Hello friends, System design interviews often test your ability to solve problems that balance performance, scalability, and correctness. One of the most common questions I've encountered is:

"How would you design a Rate Limiter?"

I've been asked this exact question multiple times, and each time the interviewer wanted to see how I approached it systematically.

The rate limiter is not just an academic problem; it's at the heart of many real systems. APIs, login attempts, payment systems, and messaging platforms all use rate limiting to prevent abuse, control costs, and ensure fairness among users.
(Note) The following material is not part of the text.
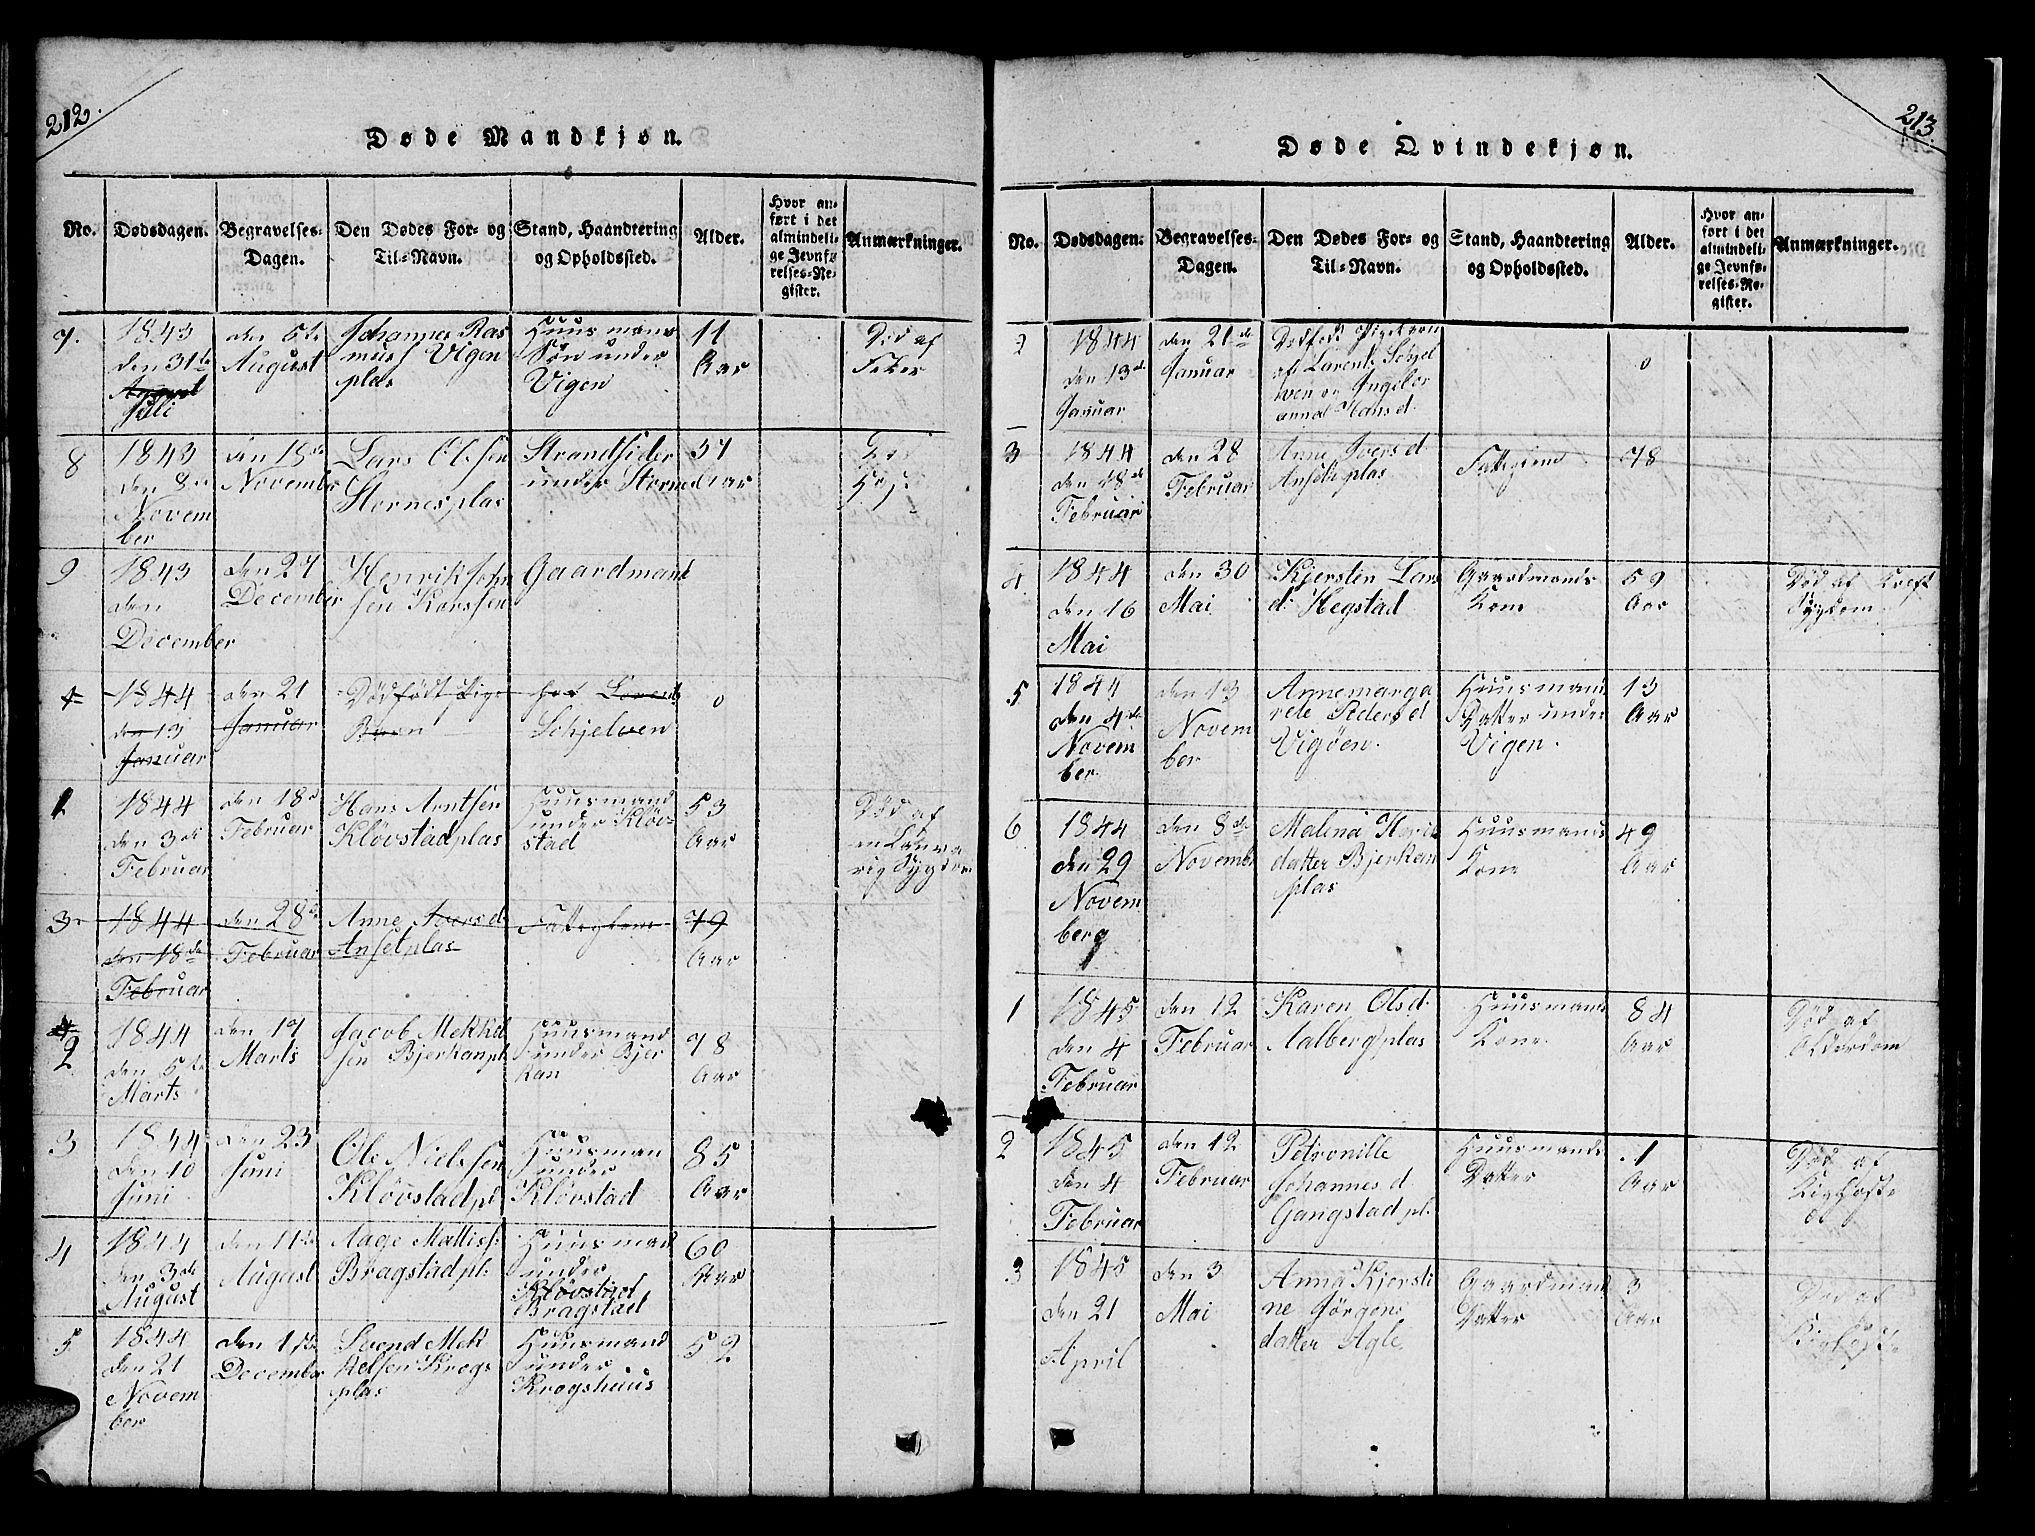 SAT, Ministerialprotokoller, klokkerbøker og fødselsregistre - Nord-Trøndelag, 732/L0317: Klokkerbok nr. 732C01, 1816-1881, s. 212-213

In the past, I have shared common questions like how to design WhatsApp or YouTube, as well as some concept-based questions like the difference between API Gateway vs Load Balancer and Horizontal vs Vertical Scaling, Forward proxy vs reverse proxy.

In this article, I'll walk you through the problem, the key requirements, different design approaches, and show you code examples (including the simple timestamp array method I used in interviews).

What is a Rate Limiter?

A Rate Limiter is a system component that restricts the number of actions a user (or client) can perform in a given timeframe.

Examples:

  • API Gateway: Only allow 100 requests per user per minute.
  • Login System: Allow only 5 failed attempts in 10 minutes.
  • Messaging App: Prevent users from sending more than 20 messages per second.

If users exceed these limits, the system should block their requests (often returning an HTTP status code 429 Too Many Requests).

Here is a nice diagram from ByteByteGo which shows Rate Limiter in action:

Rate Limiter Design Solution


Key Requirements in Interviews

When designing a rate limiter, interviewers usually want to see if you can handle:

  1. Correctness --- Ensuring requests beyond the limit are rejected.
  2. Efficiency --- Handling millions of requests per second with low latency.
  3. Scalability --- Working in a distributed system across multiple servers.
  4. Fairness --- Avoiding loopholes where burst traffic is allowed.
  5. Configurability --- Easy to change limits per user, per API, etc.

You can also ask questions to clarify any other requirements the Interview will have, like sometimes they ask you to put a limit on a particular URL and on a particular HTTP method.


Top 4 Rate Limiting Algorithms for Interview

Many different algorithms exist for rate limiting, each with trade-offs. Here are the most popular rate-limiting algorithms, which are also asked on technical interviews:

Fixed Window Counter

  • Divide time into fixed windows (e.g., every minute). Count requests.
  • Simple but can allow bursts at window boundaries.

Sliding Window Log

  • Store timestamps of requests in a log (array/queue). Remove old timestamps.
  • More accurate but requires memory proportional to the request volume.

Sliding Window Counter

  • Uses counters for current and previous windows, weighted by time.
  • Memory efficient, smoother than a fixed window.

Token Bucket / Leaky Bucket

  • Tokens are added at a fixed rate, and requests consume tokens.
  • Smooths traffic and is widely used in production systems.

How to design a Rate Limiter on Coding Interviews?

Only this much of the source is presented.